• Dataset
┄┄┄┄┄┄

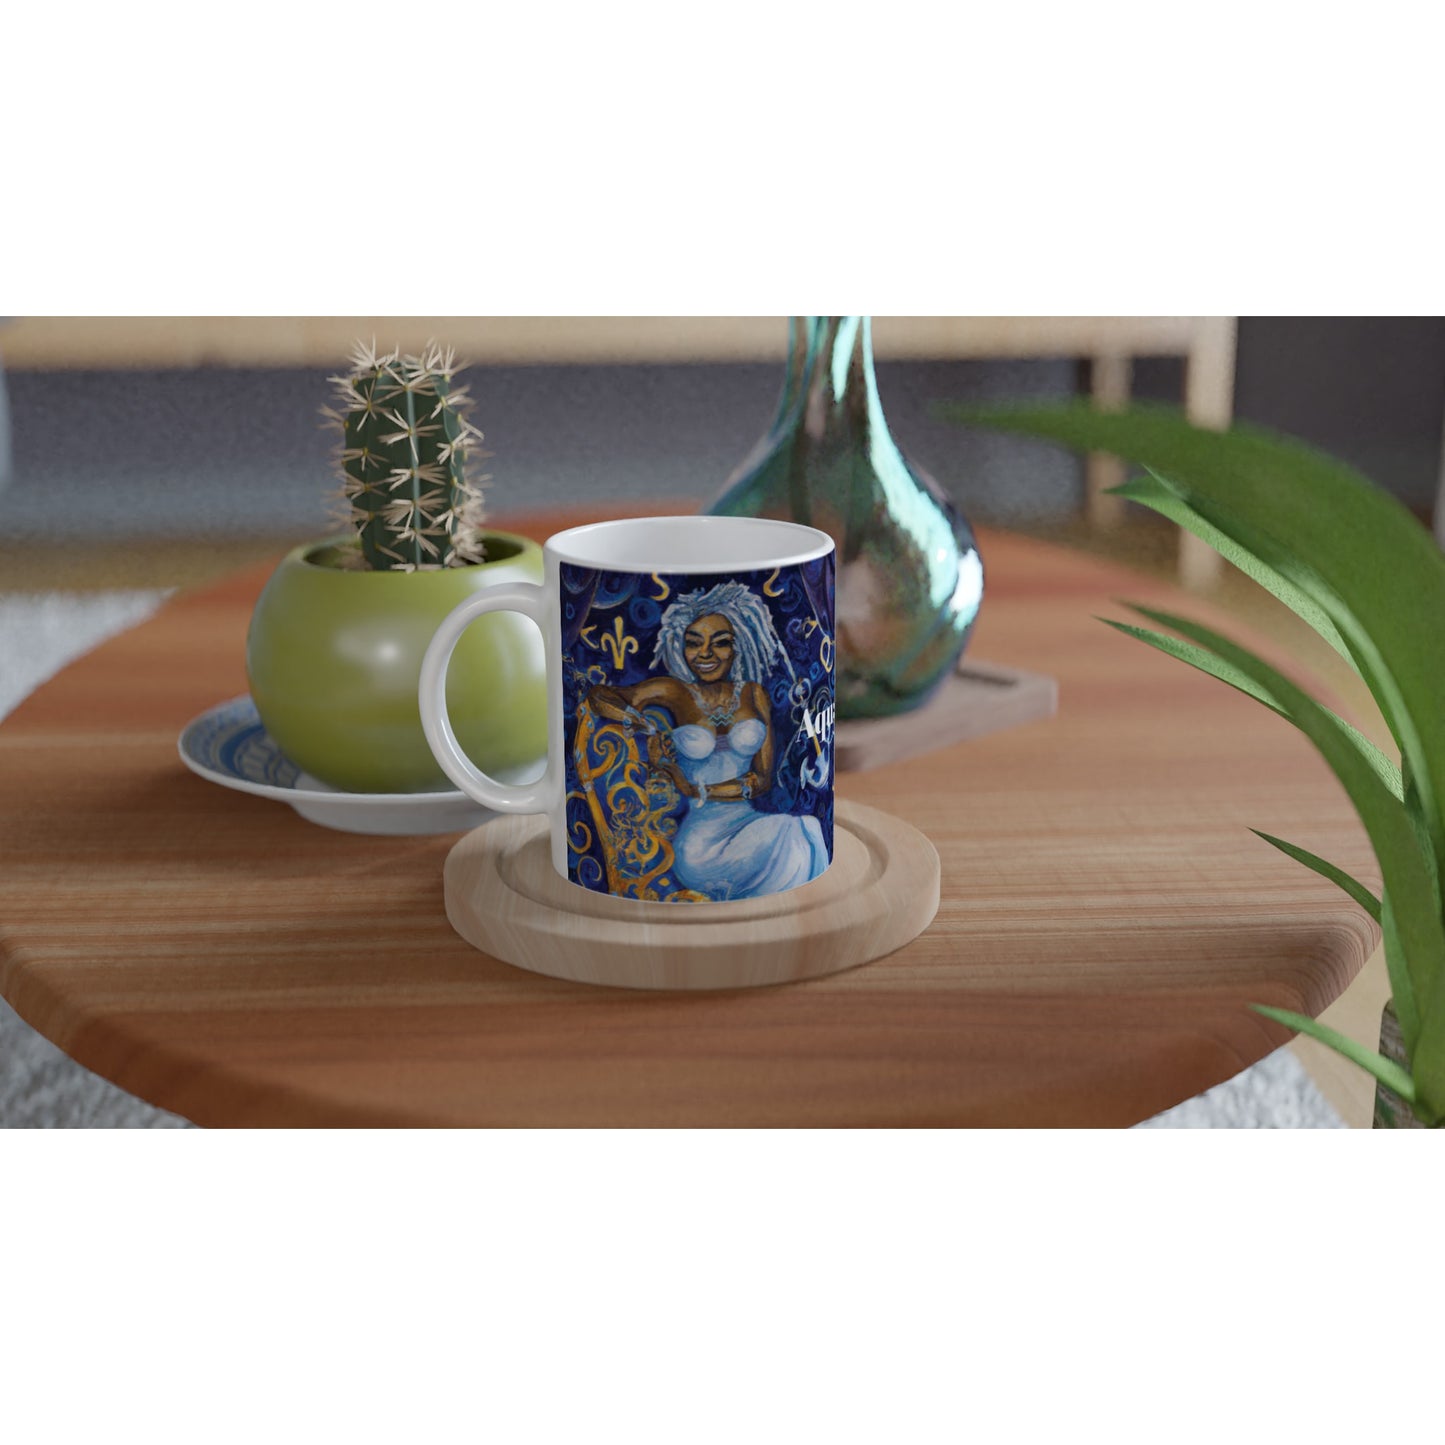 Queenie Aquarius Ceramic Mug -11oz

┄┄┄┄┄┄

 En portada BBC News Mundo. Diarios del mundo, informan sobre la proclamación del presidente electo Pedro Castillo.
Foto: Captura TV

┄┄┄┄┄┄

• Work instruction
The listing above holds a line with "En portada BBC" and a line with "Foto: Captura TV". Print the stretch from the first through the second, exactly and alone.

• Exercise answer
 En portada BBC News Mundo. Diarios del mundo, informan sobre la proclamación del presidente electo Pedro Castillo.
Foto: Captura TV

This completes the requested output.